MANAGEMENT'S DISCUSSION AND ANALYSIS OF
FINANCIAL CONDITION AND RESULTS OF OPERATIONS
Overview
Rofin-Sinar Technologies, Inc. ("Rofin-Sinar", or the "Company") is a leader in
the design, development, engineering, manufacture and marketing of laser-based
products used for cutting, welding and marking a wide range of materials.
During the third quarters of fiscal years 1999 and 2000, respectively,
approximately 72% and 53% of the Company's revenues were from sales and
servicing of laser products for cutting and welding applications and
approximately 28% and 47% were from sales and servicing of laser products for
marking and micro-machining applications.
Through its global manufacturing, distribution, and service network, the
Company provides a comprehensive range of laser sources and laser based system
solutions to three principal target markets: the machine tool, automotive and
semiconductor and electronics industries. The Company sells directly to end-
users, to OEMs, who integrate Rofin-Sinar's laser sources with other system
components, and to distributors. Many of Rofin-Sinar's customers are among the
largest global participants in their respective industries.

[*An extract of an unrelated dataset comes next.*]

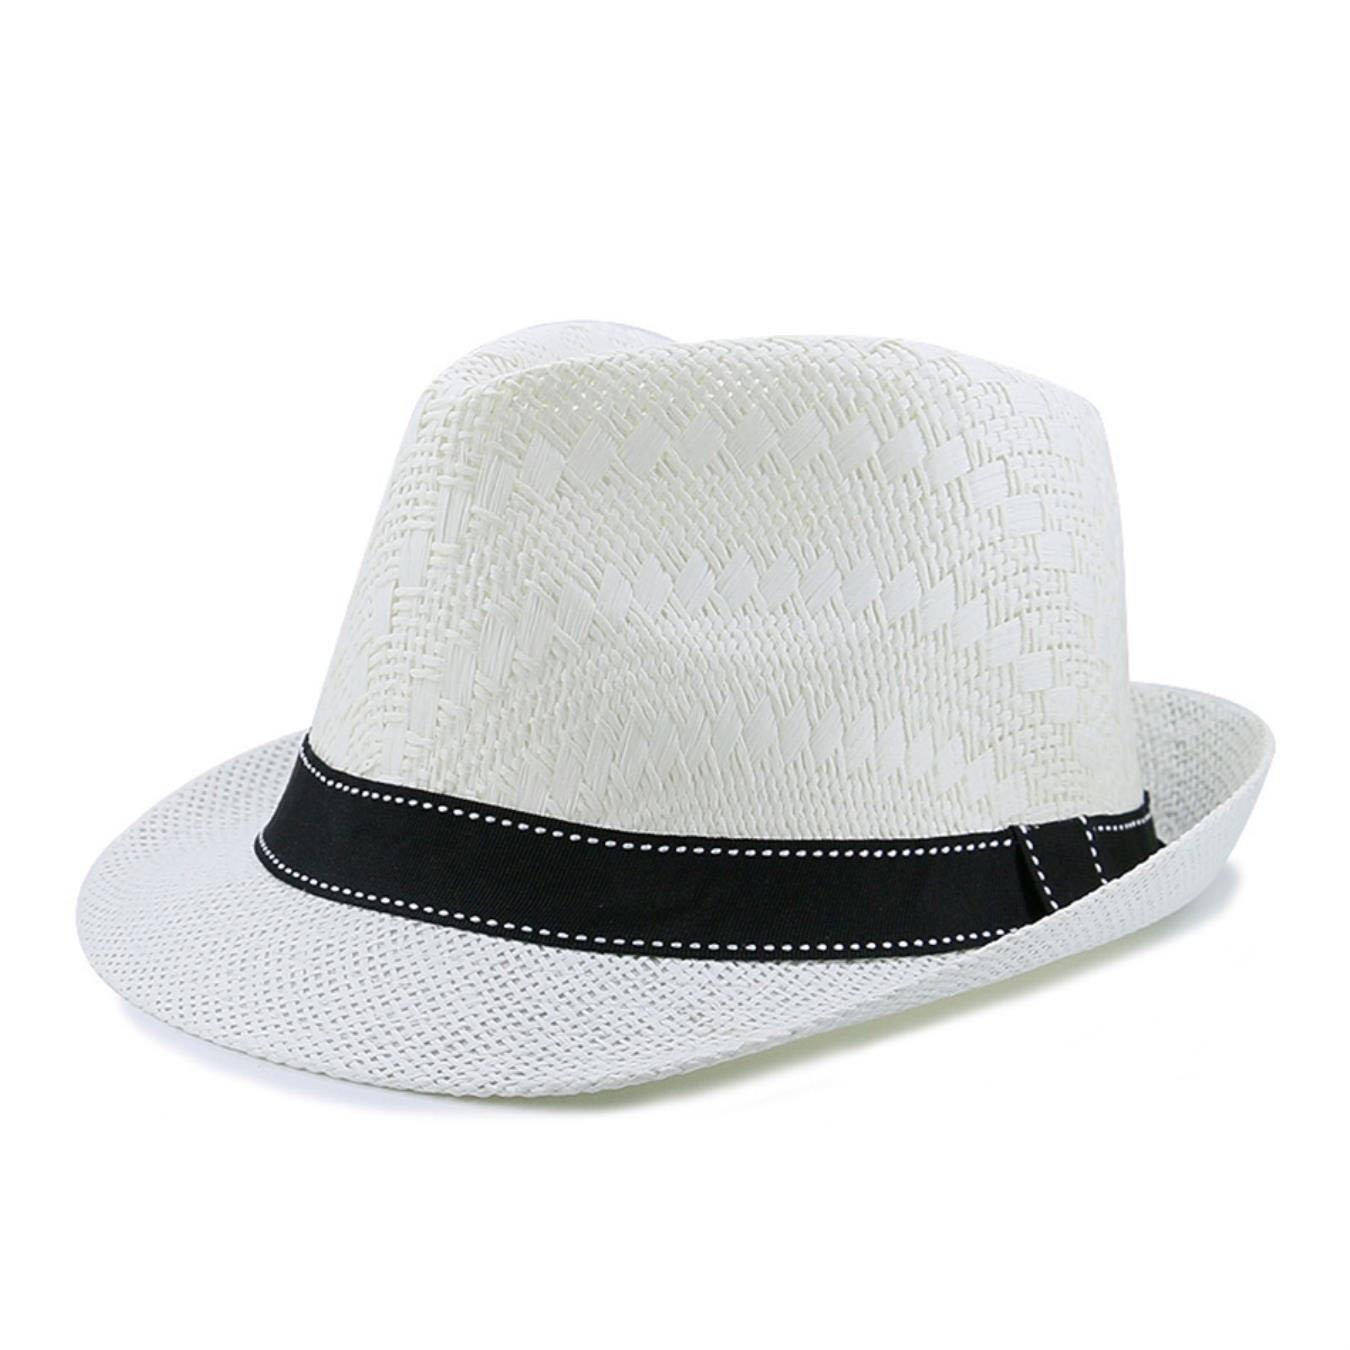 Summer Beach Sun Hat Women Designer Casual Fedora Straw Hat at Amazon  Women s Clothing store  5c79988927b

On May 10, 2000, the Company acquired 90.01% of the share capital of Carl
Baasel Lasertechnik GmbH (Baasel Lasertech) through its wholly owned subsidiary
Rofin-Sinar Laser GmbH, Hamburg, Germany for cash. RSTI has followed the
purchase method in accounting for the acquisition, and accordingly the
accompanying results of operations include the results of Baasel Lasertech for
only the 7 week period subsequent to the date of acquisition. In connection
with the acquisition, the companies have consolidated certain product lines,
and as a result RSTI has recorded a special charge of $2.8 million to write-off
certain of its inventories which will be discontinued.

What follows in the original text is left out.